After 1614 Jonson's powers declined in vigour. The Devil is an Ass, which was produced in 1616, already shows some signs of failing inspiration. It is based upon the old Italian fable of Belphegor, and tends to prove that human craft and folly can teach the imps of darkness something in their own line. The special foible here selected is that mania for speculation which in another century possessed France and England at the time of the South Sea Bubble. Dryden called the last comedies of Ben Jonson his "dotages ;" and this name must be given to The Staple of News (1625), The New Inn (1629), The Magnetic Lady (1632), and The Tale of a Tub (1633). To bestow criticism upon each of these pieces, in the narrow room allowed me, would be superfluous. Yet some passing observations may be made. In The Staple of News Jonson combined an Aristophanic allegory, borrowed from the Plutus, with satire upon the town's avidity for printed gossip. A trifle more of inspiration might have made this play symbolic for the future. In certain daily papers of the present day, we have our Staple of News, pretending deep and moral doctrine, but really pandering o morbid curiosity. The Magnetic Lady is only noteworthy, because in this comedy Jonson closed his cycle of the humours. He made his bow of



exit to the public he had so long served. Tale of a Tub attempts in vain to recapture the rollicking enthusiasm of Bartholomew Fair. It is meant to be a screaming farce. But it fails, and falls flat. And now, for antiquarians, it is chiefly interesting, because the author strove to vent an old grudge against Inigo Jones in some of its interpolated scenes. The quarrels of artists are so despicable that I do not care to dwell upon this warfare between the author of Volpone and the builder of Whitehall. Both were to blame, in the course of a long companionship of art together. Jones dealt Jonson cruel blows, when he thought the old lion was asleep upon his death-bed. Jonson roused himself to fury, parrying his foeman's thrust. But for us, the squabble is ignoble. We can pass it by. Of Jones remains the fragment of Whitehall; of Jonson the immortal row of five comedies and one good tragedy. The New Inn deserves a separate commentary.
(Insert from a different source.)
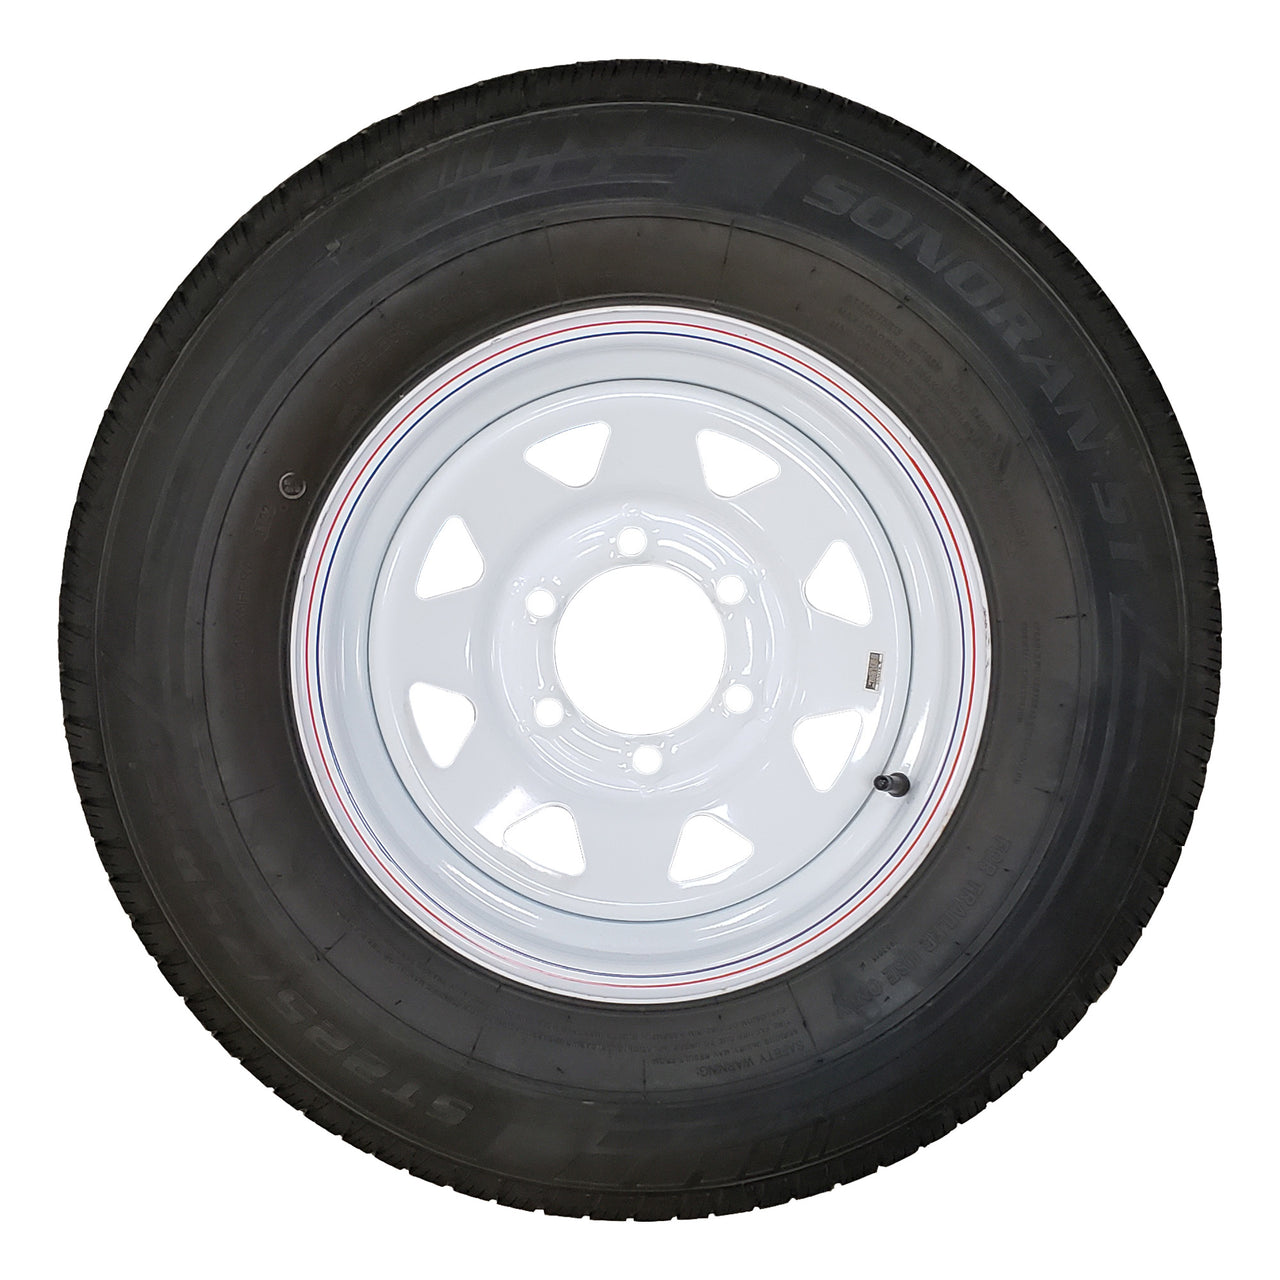 ST225/75R15 Trailer Tire w/ 15" White Wheel - 6 on 5-1/2"

Jonson wrote it when his health had failed, and his particular vein of fancy was exhausted. He strove to give the public something in the kind they cared for. It was meant to be a romantic comedy; and the plot was so superfluously imaginative as to exceed the romantic measure. The habits of a lifetime were not, however, easily cast off. Taking his improbable, deliriously accidental plot to work upon, he delved deep lines for all the characters, introduced horse-play of out-worn humours, and upon this slender basis raised a superstructure of solid poetry. It is not difficult to excavate that vein

of poetry from the unsuccessful play; and those who have taken the pains to do so, will perceive that, even to the last, the fire of genius burned in Jonson's brain. Yet the comedy was justly damned, on account of its absurd fable, frigid jokes, and ponderous declamatory passages. Indignation at this reception of his play called forth that haughty 66 Ode to Himself" which will be read among his lyrics.

Returning to the facts of Jonson's biography, it is worth notice that in 1618 he took a walking journey into Scotland, where he spent several weeks. Part of this time was passed at Hawthornden, with the poet William Drummond, to whose notes of the conversations they held on this occasion we owe one of our best sources of information regarding his life and opinions. In England he visited his noble friends and patrons in the country during part of every summer. But it was in the purlieus of Cheapside and Fleet Street that his burly figure might most frequently be seen, rolling from the Mermaid to the Dog, or Sun, or Triple Tun. Like his great namesake, Samuel Johnson, he felt himself nowhere so much at home as on the pavement of London, or in the sanded parlours of its taverns. Not that we have any right to think of Jonson as a sot or toper. It is true that he indulged too much in drink. The Laureate's famous butt of sherry dates from Ben's known partiality for sack. Many of the tales he told against himself to Drummond owe their point to a certain weakness for the bottle in his nature.